Of course, it is quite clear that Ibn Sina (Avicenna) did not live in al-Andalus, but this case reflects a pattern among Western scholars to dismiss the deep impact Islam had on these Muslim thinkers and on their work. Ibn Rushd was aware of Avicenna’s works at that time. However, it is interesting to note that although Watt gave a concise description of many Muslim scholars such as Ibn Hazm, Ibn Bajja, Ibn Tufayl, and Ibn Rushd in terms of their philosophical contributions in Spain, he did not mention their religious identity or philosophical thought. It is known, however, that some of them such as Ibn Rushd, Ibn Hazm, Ibn Tufayl, and Ibn Bajja were Qadis or had such duties in the ruling government in their time, as well as being philosophers and theologians. For instance, Ibn Rushd administrated the office of Grand Qadi of Cordova for a period; Ibn Tufayl was minister of the governor of Granada; Ibn Hazm was a vizier for the last nominal Umayyad Caliph in Granada, and Ibn Bajja also served for about twenty years as vizir of the Almoravid Governor of Granada. It is very important to note that, there is no doubt that they must have influenced the ruling governors, even their social achievements, with their Islamic identity and Islamic foundations. For instance, Goodman noticed Ibn Tufayl’s various interests about intellectual issues: “He was eager to reconcile religion and philosophy and gave great weight to revelation, not only the literal, but also at the more profound level.” In the meantime, Goodman spoke of Ibn Tufayl’s prestige and influence upon the Governor, the Sultan Abu Yaqub, even though Ibn Tufayl could have introduced his peers and his friends who were also scholars at that time, to the ruler. Goodman insisted on this and quotes from an Arabian historian:
“Ibn Tufeyl’s duties presumably included giving advice on political questions as well as medical ones; and whether formally or informally, he seems to have performed the role of a minister of culture. Marrakushi writes: ‘Ibn Tufeyl made it his practice to gather scholars from all over the world and saw to it that they obtained the interest and favor of the ruler. It was he who recommended, to Sultan, Ibn Rushd who first became known and appreciated as a result.”
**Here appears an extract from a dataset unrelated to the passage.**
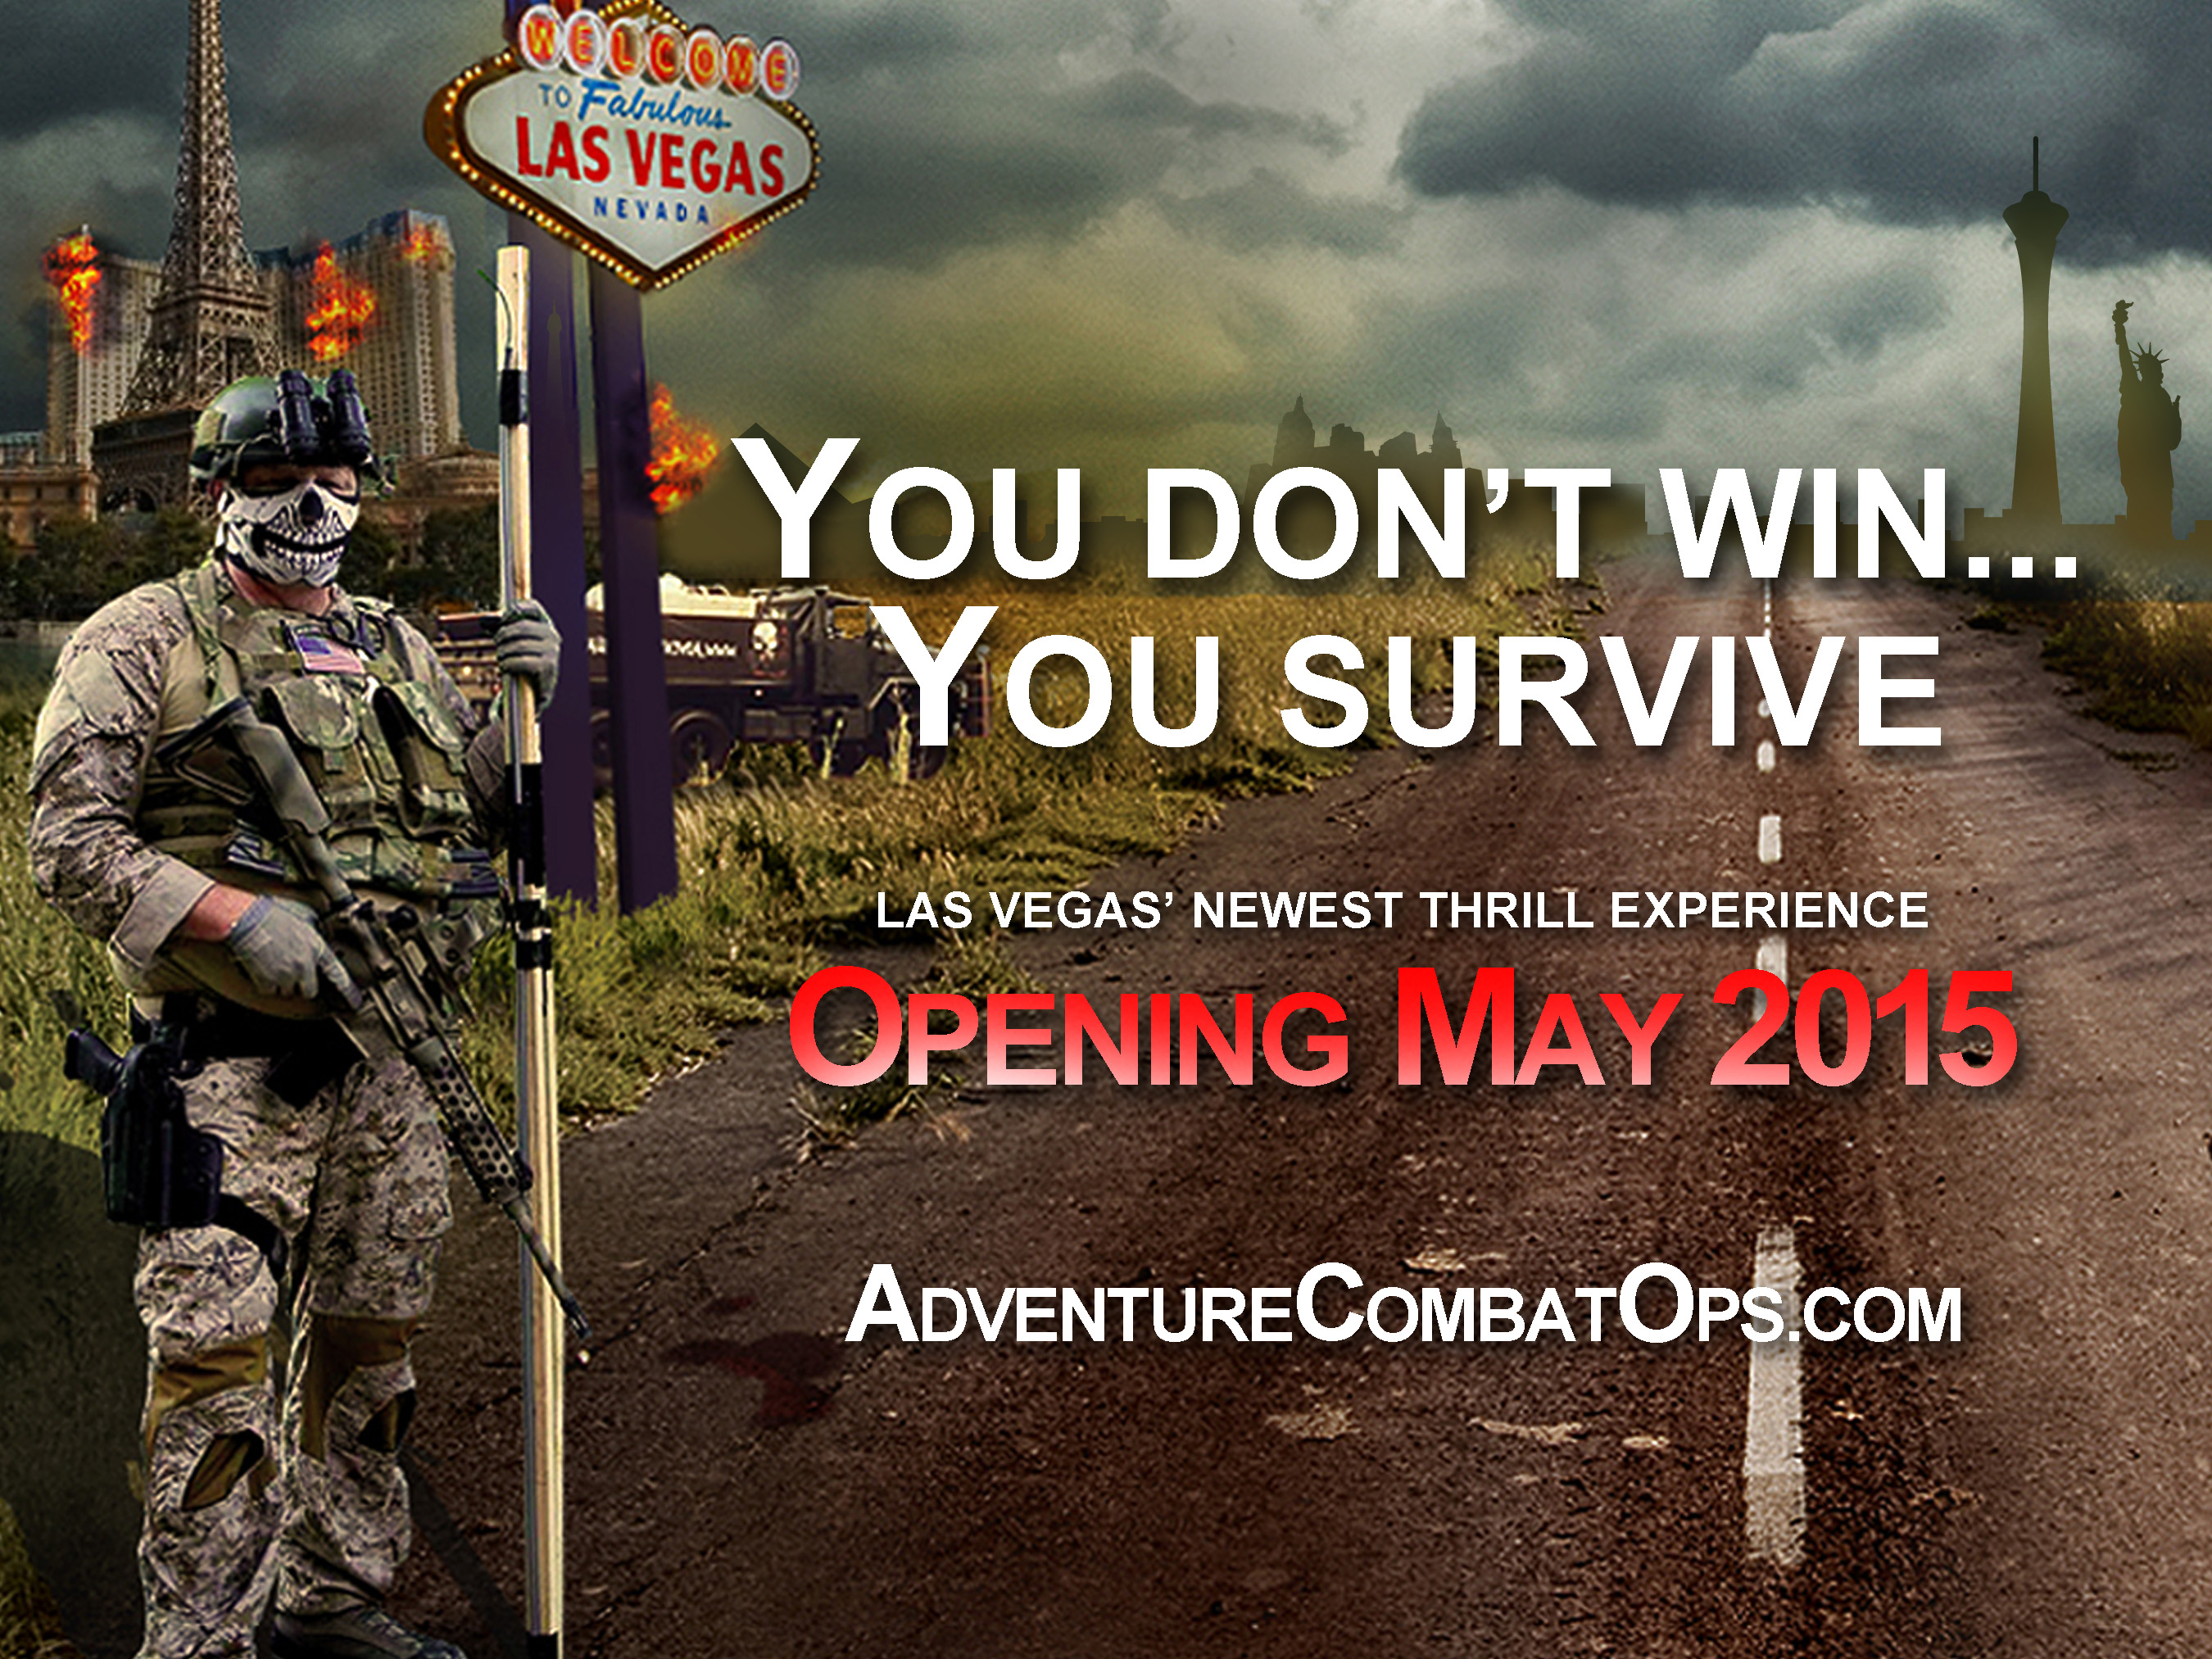 Join real American heroes and battle zombies in the most realistic, apocalyptic, combat simulation in the world launching in May 2015 at Adventure Combat Ops in Las Vegas, Nevada.

What is essential to note is that while the Qur’an is not, in any direct literal sense, a science textbook, it nevertheless, in its verses and words, directly awakens a scientific curiosity about natural phenomena. Therefore, the religious scholars, the Fukaha, Ulama, Qadis, Lawyers and others of Islam encouraged its study, thus paving the way for the growth of modern sciences. Scientific inquiry was widespread, and some of the greatest scholars and scientists of the world made wondrous discoveries and inventions. Muslims led the world in the study of medicine, astronomy, mathematics, geography, botany, and physics. They transmitted their studies to the West, where their work was built upon and further disseminated. There were also many Islamic writers, including Muslim thinkers of Spain (Al-Andalus) such as Ibn Rushd (Averroes) (1126-1198), Ibn Bajja (Avempace) (d.1138) Ibn Tufayl (1185), and Ibn Hazm (994-1064) who possessed knowledge of several disciplines, and in whom two or more levels of this hierarchy of knowledge may be found. Hence, both intellectual achievements and religious experiences always flourished upon the model of the religious framework. For this reason, a model of the pure philosopher, theologian, and scientist is not ideal for Muslims. Rather, Muslims respect diversity of intellectual endeavors; however, they are more interested in the religious scholar today, as in the past.